This is maybe the earliest childhood memory I have, I was probably 2 y old.

To be able to keep an eye on me, my mom had me sit on the counter next to the kitchen sink while she was cleaning some fish. I had this habit of digging my finger deep into the freshly cleaned, open fish and taste it. I got scolded for it so I figured that when she slightly turns her head I could get away if changing the tactic. She caught me only when she noticed that I suck my toe.

That would translate today in my love of sashimi I guess.
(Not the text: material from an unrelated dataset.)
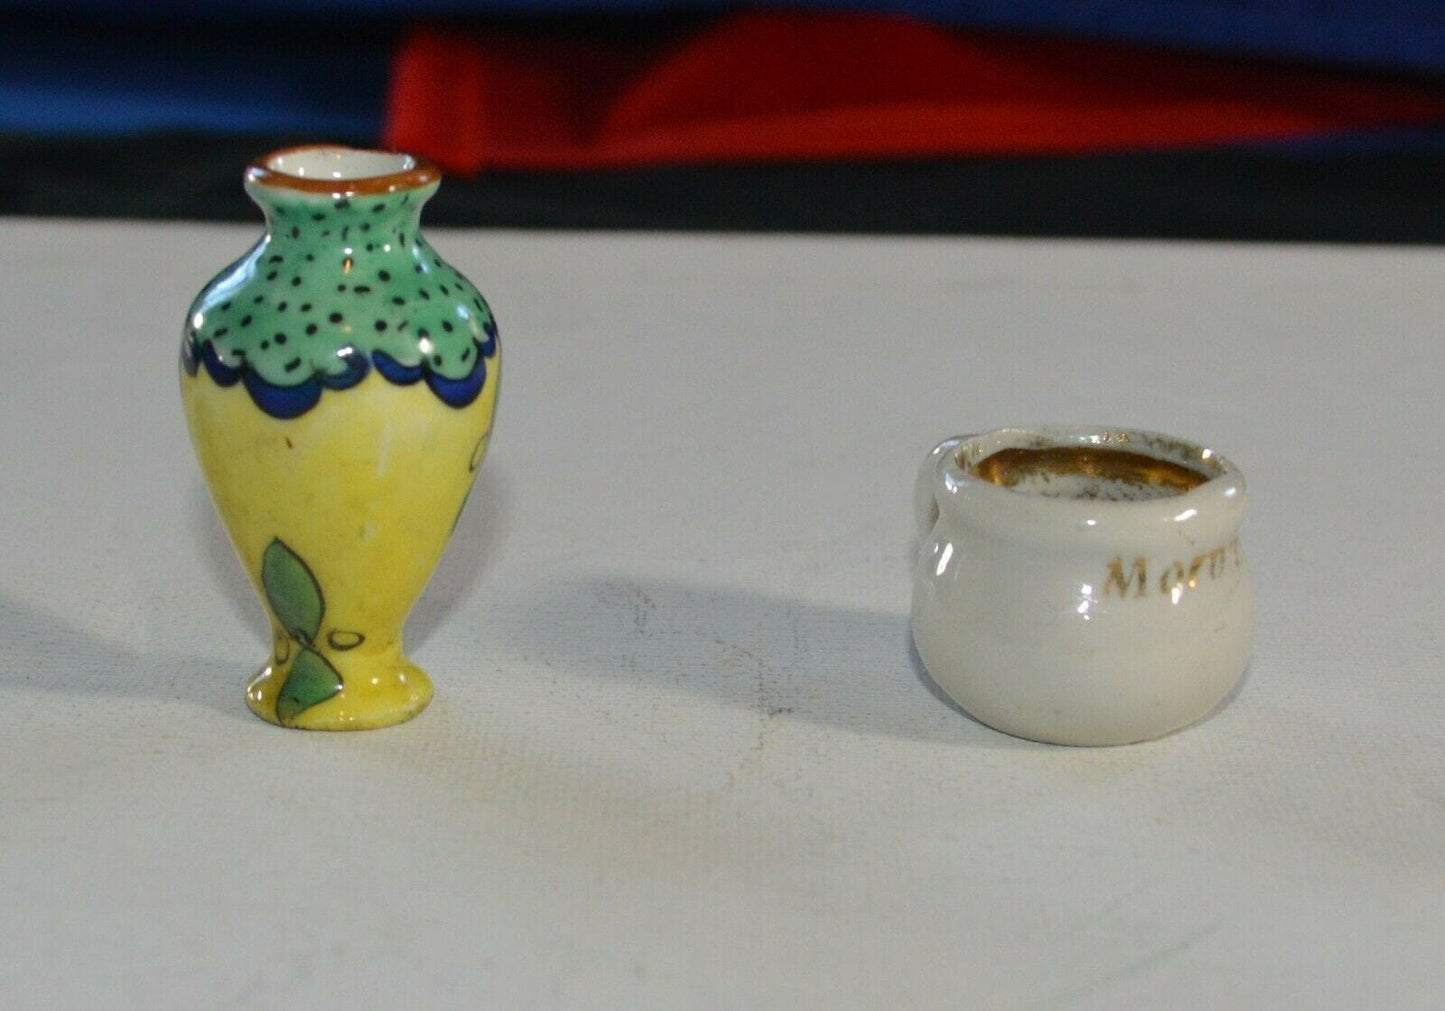 MINIATURE VASE AND MINIATURE CHAMBER POT(PREVIOUSLY OWNED) GOOD CONDITION - TMD167207

The human mouth is called a pie hole. The human being is called a couch potato... They drive the food, they wear the food... That keeps the food hot, that keeps the food cold. That is the altar where they worship the food, that's what they eat when they've eaten too much food, that gets rid of the guilt triggered by eating more food. Food, food, food... Over the Hedge
Posted

Oh remember a lot... my great grandma Cunninghams chicken and dumplings, my cousin jeremy and I making cinnamon raisin muffins at age 6 or 7, eating fresh peas that I grew in the garden when I was an early teen, making a cookbook when I was super young (my mom still has it)...

Stephen W.

Pastry Chef/Owner

The Sweet Life Bakery

Vineland, NJ

Posted

My mom tells a story that took place when I was nine months old. Every year she cures her own olives, several different varieties and flavors. It was the time of year that she had them actively curing in big buckets covered with cloths and she kept them underneath the kitchen table. This was because my parents had only been in the country for about a year at this point and were living in a tiny apt. and saving money for their first house. So the kitchen table was the only place big enough to store giant buckets. Apparently when my mother wasn't looking, I tottered over (I walked early) dipped my hand into all three buckets, took out equal amounts of olives from each, settled myself comfortably beneath that table and proceeded to eat them. By the time my mother found me I had eaten close to fifty or sixty olives. She freaked out because she thought I was about to choke. In her mind, what baby can safely be given something like an olive with the pit still inside? But when she looked closer she saw that not only had I not eaten the pits, I had managed to eat them clean and had lined them all up in a row right in front of me. First were the really dark pits from the wrinkly, super salty black olives, then the dark reddish brown pits from the tangy, oily, vinegary slitted brown olives and last were the light colored pits from the green cracked olives that were cured with garlic and cracked coriander. Even at that age I knew to save the best for last and to this day my mom's cracked green olives are my favorite thing in the world. She says that in the midst of her screaming freakout I looked up at her with a calm smile and oily olive smeared mouth and laughed. Then I put my arms up to her so she could pick me up.

That was long wasn't it?

Like another poster said above, my favorite holidays were also the first cherries of the year days. The only other fruits that rivaled them in my eyes were the first loquats and the first figs. I would settle myself in front of a big bucket of them and go crazy with delight. And by age eight or nine I had developed excellent one handed jackknife fruit carving skills.

Posted

I have no idea how old I was, but I'm pretty sure it was pre-10. My folks realized that I knew my way around the kitchen - I guess I just watched & learned - & on nights when they went out they would leave me a burger patty, a potato & an onion. I would chop up the latter two & make hash browns and then fry up the burger. (I guess I'd picked up some basic knife skills too.) We always had a can of bacon drippings for frying. Deadly but dang that was good! I always looked forward to those nights.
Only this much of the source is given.